Estaba una chica techno —traje negro, piercing en argollitas y yugos por nariz, labios y párpados,maquillada con negros, verdes y violetas; el pelo aborrascado en pajar y embadurnado de aceite para dar sensación de suciedad laboriosa— haciendo larga, infinita cola en un antro de rock de moda.

         Aunque papá podía pagarle universidad privada, la naturaleza no había cooperado demasiado y había crecido chaparrita, morenita y menudita como tradicional estudiante de sociología de la UNAM. Para acabarla de amolar usaba lentes y brackets.

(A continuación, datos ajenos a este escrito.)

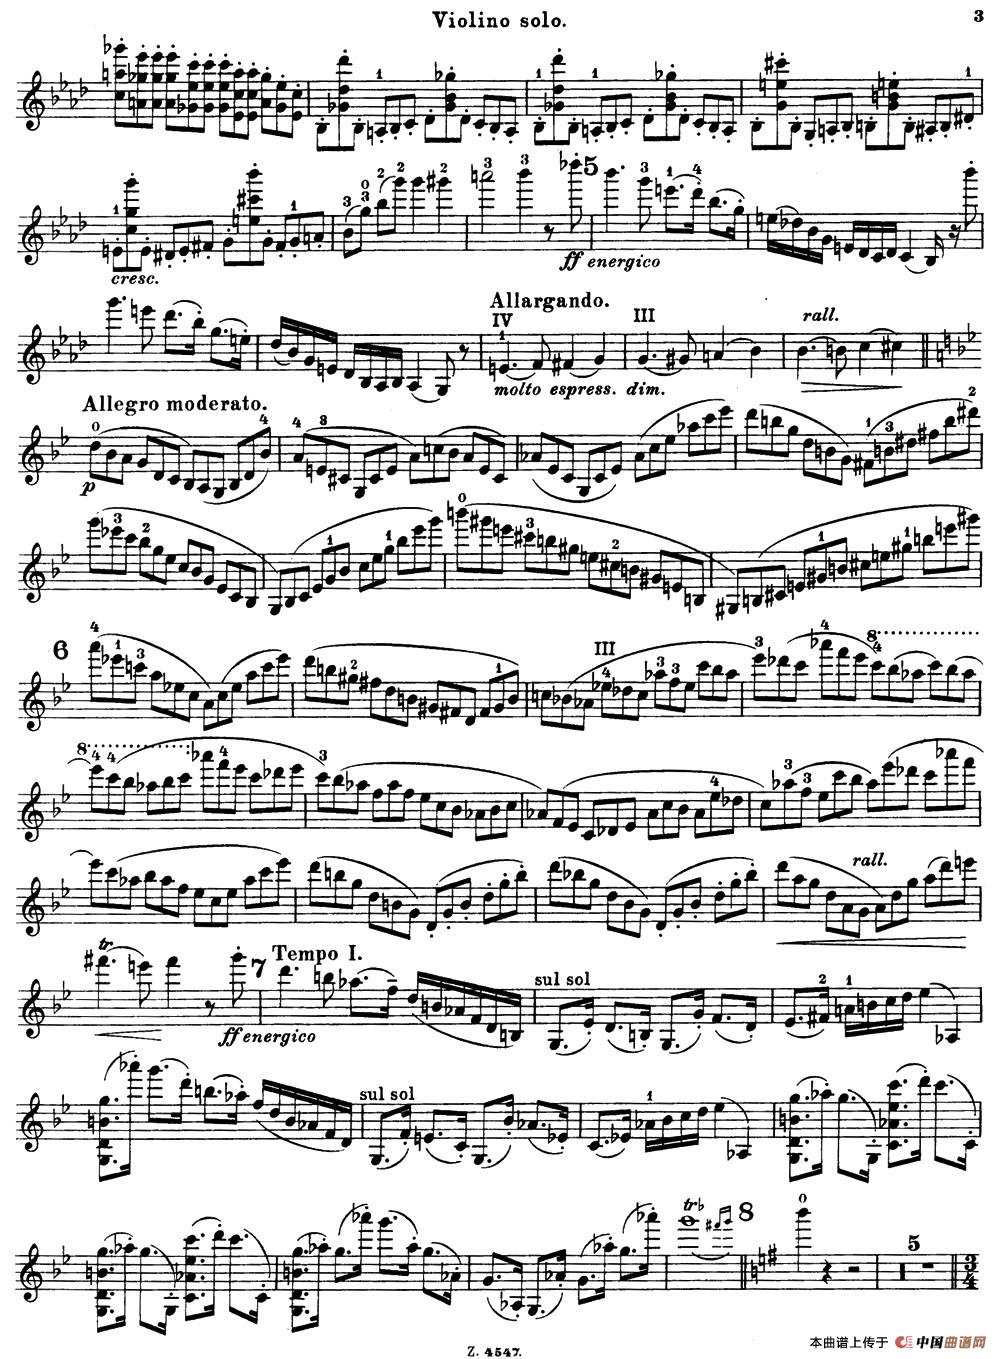 第3号小提琴协奏曲 Op.99（violin concerto no.3）

         El cancerbero del bar sólo dejaba entrar inmediatamente a las guapísimas y a los tipazos, y hasta mucho después de la una de la madrugada, cuando el local ya estaba a reventar, y las dos o tres “estrellas” de la noche habían partido, se permitiría conmoverse, por democracia, ante unos cuantos aspirantes poco ligables, pues a un buen antro lo califica el aguayón de primera de su clientela, y no las patitas de pollo de subdesarrolladas aspirantes a dueñas de la noche. Pero que no se dijera que no entraban por ahí ningún chaparro(a) ni feo(a). Dos que tres “étnicos” y ya a punto de cerrar.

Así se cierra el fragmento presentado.